Lógicamente leí esta novela tras leer la de El espejo roto y me alegra porque he entendido mucho mejor el estilo de la autora al ver las similitudes de dos libros muy diferentes. Mantiene las descripciones minuciosas, los detalles que cuenta en sus prólogos la autora, sus frases cortas y la falta de pasión, a modo de crónica, esta vez en primera persona. En realidad las descripciones no pretenden evocar un cuadro minucioso en el lector (sería imposible) sino, simplemente, dar un aire general y disfrutar de las palabras bien escogidas.
Entre esa prosa, a salto de mata pero centrada en Colometa, se va deslizando una historia en la que el lector ha de poner los sentimientos. En ocasiones el escritor apunta un suceso dejándolo abierto para que el lector lo componga como mejor le parezca (así sucedía en El espejo roto, que además abría la historia a más personajes). Aquí la historia importa poco y lo que queda al criterio del lector son las emociones, apenas sugeridas por los hechos escuetos que se narran y, a veces, por su simbolismo. Como dice Rododera en otro magnífico prólogo, más que un narrador que cuente lo que se siente ella prefiere aportar el punto de vista directo de los personajes. Y si éstos deciden suicidarse, el lector habrá de percibir la magnitud de la tragedia en las minucias de la preparación fría y minuciosa más que en los lamentos y lloros.
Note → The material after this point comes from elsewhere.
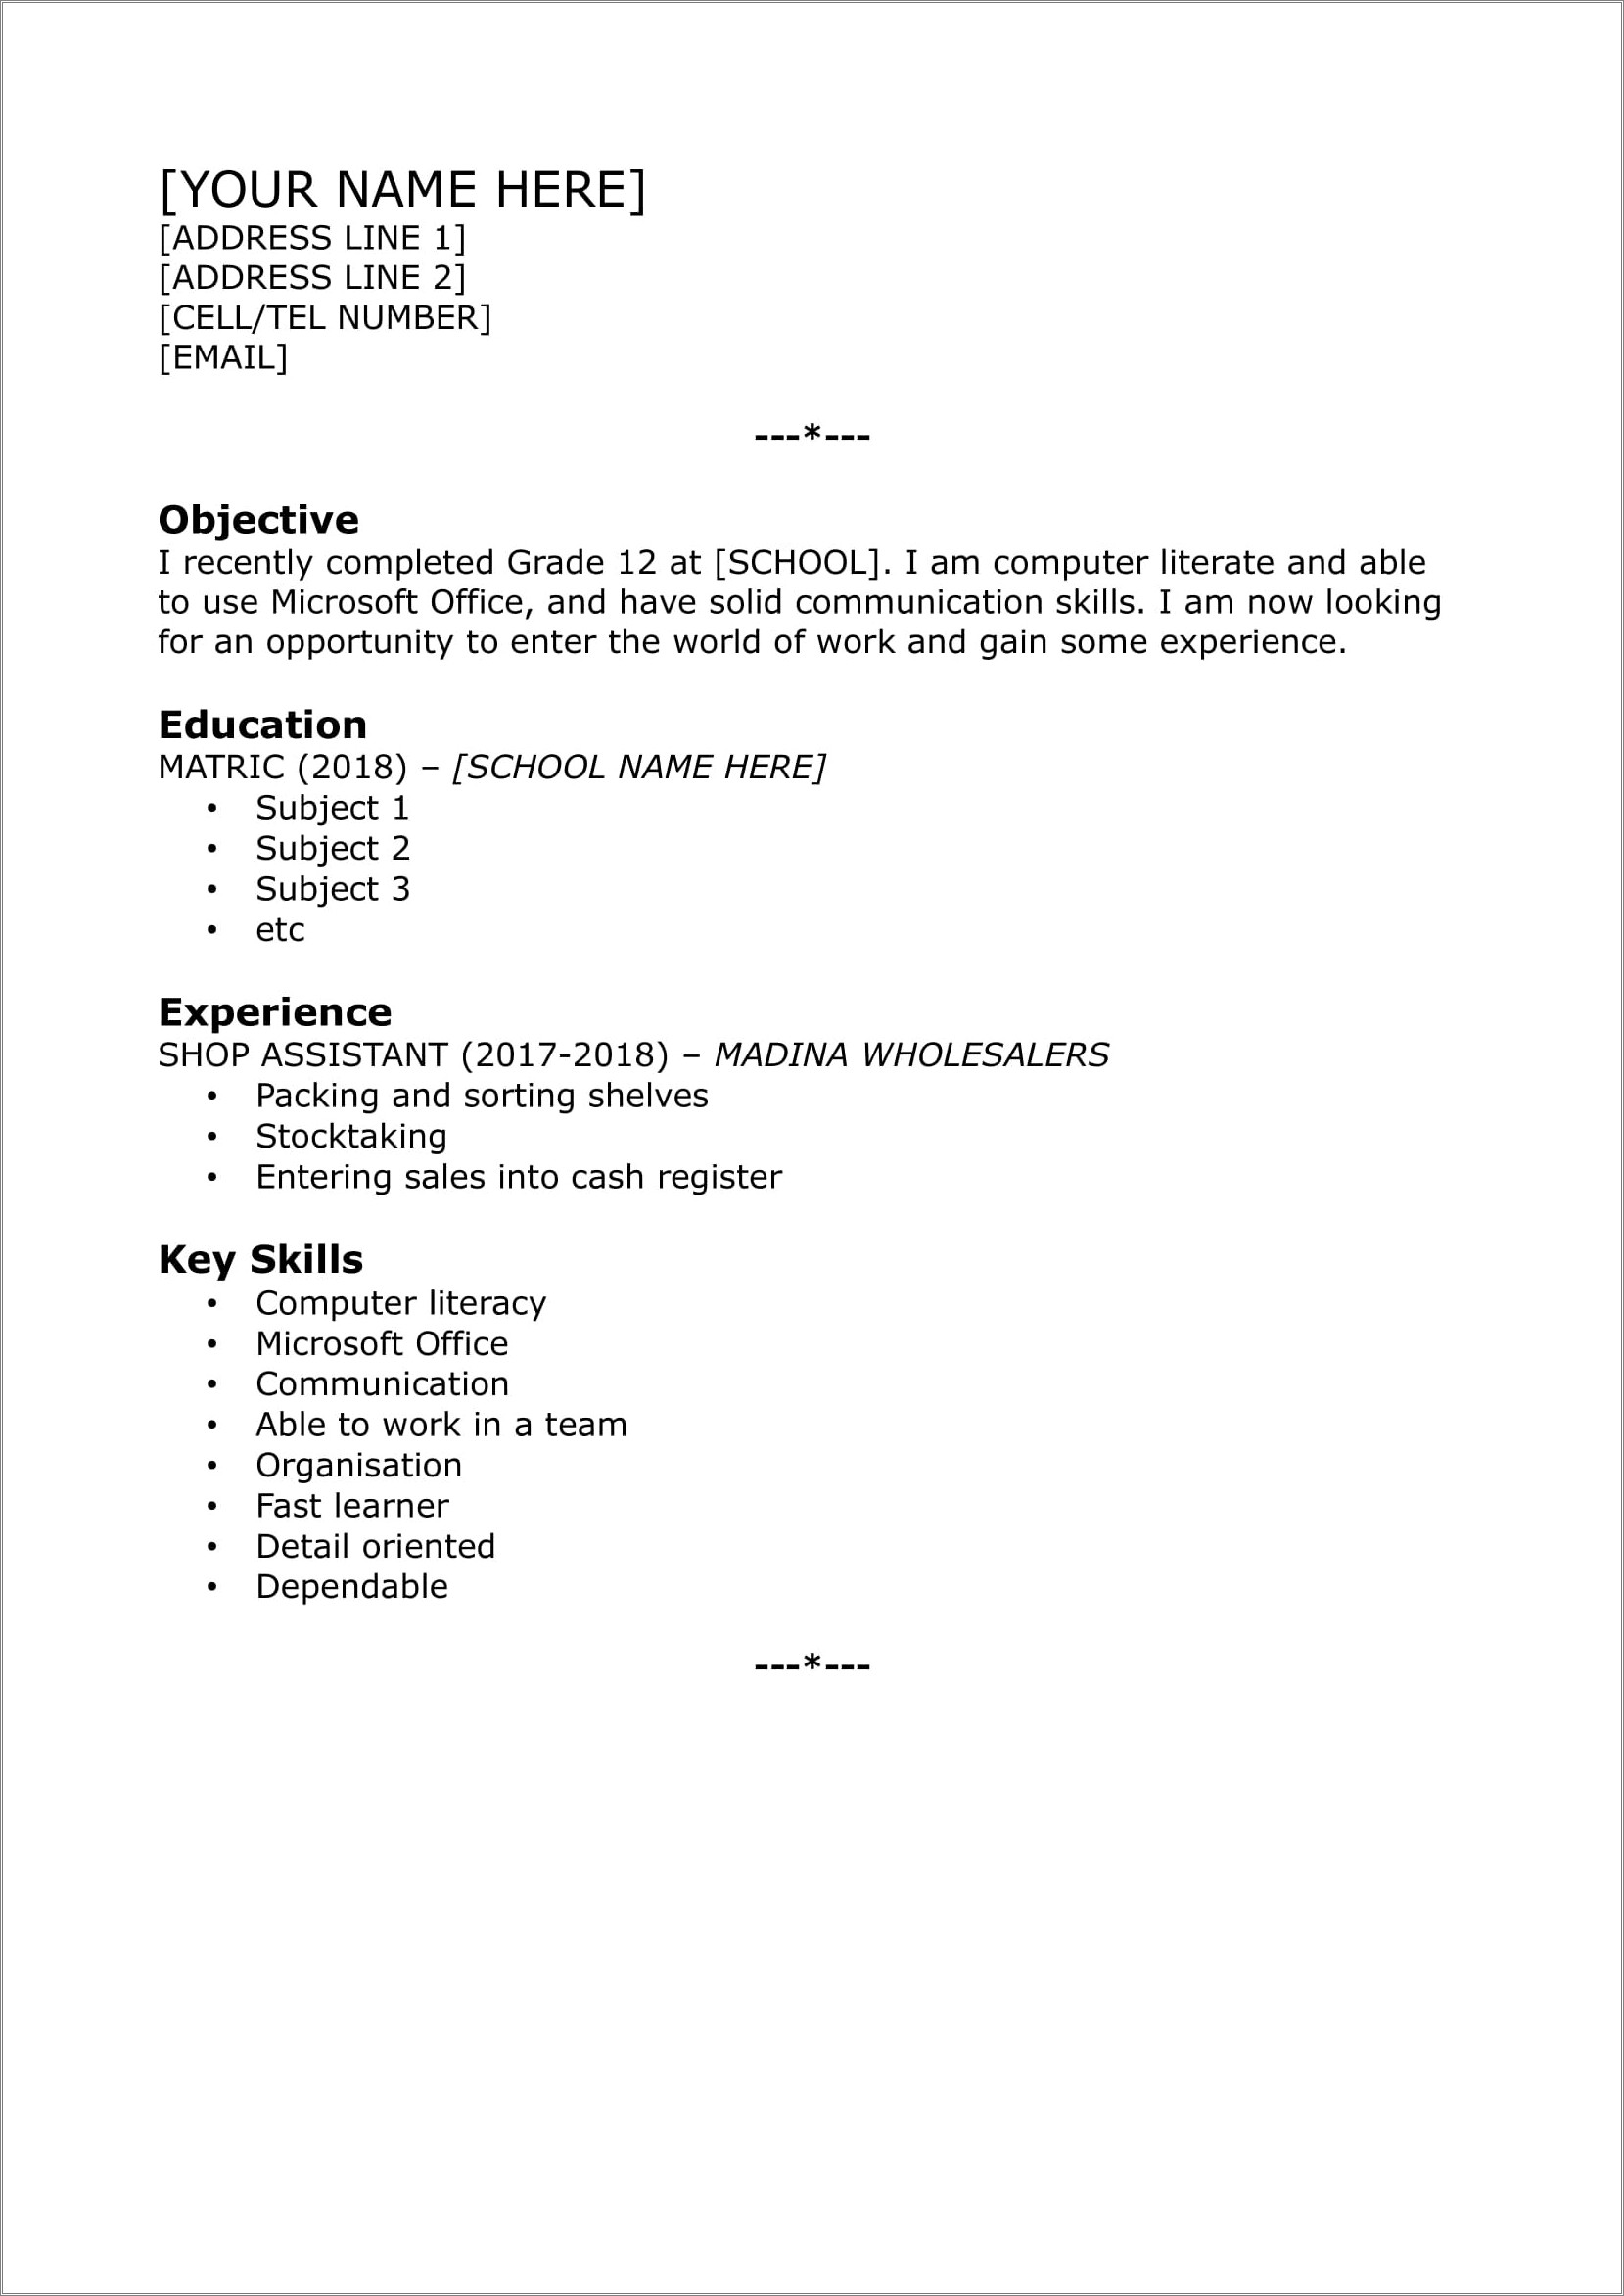 Resume Template For People With No Experience

Un baile, una boda y una azotea es esta novela que, sin embargo, sirve de antesala a la de El espejo roto, escrita de la misma manera pero con mucha más ambición. Por si fuera poco, el traductor de La plaza habla español a la vez que Rodoreda menciona a Cataluña en su prólogo. Está claro que cuando uno lee La plaza entiende mucho mejor El espejo, a Rodoreda… y a los acomplejados.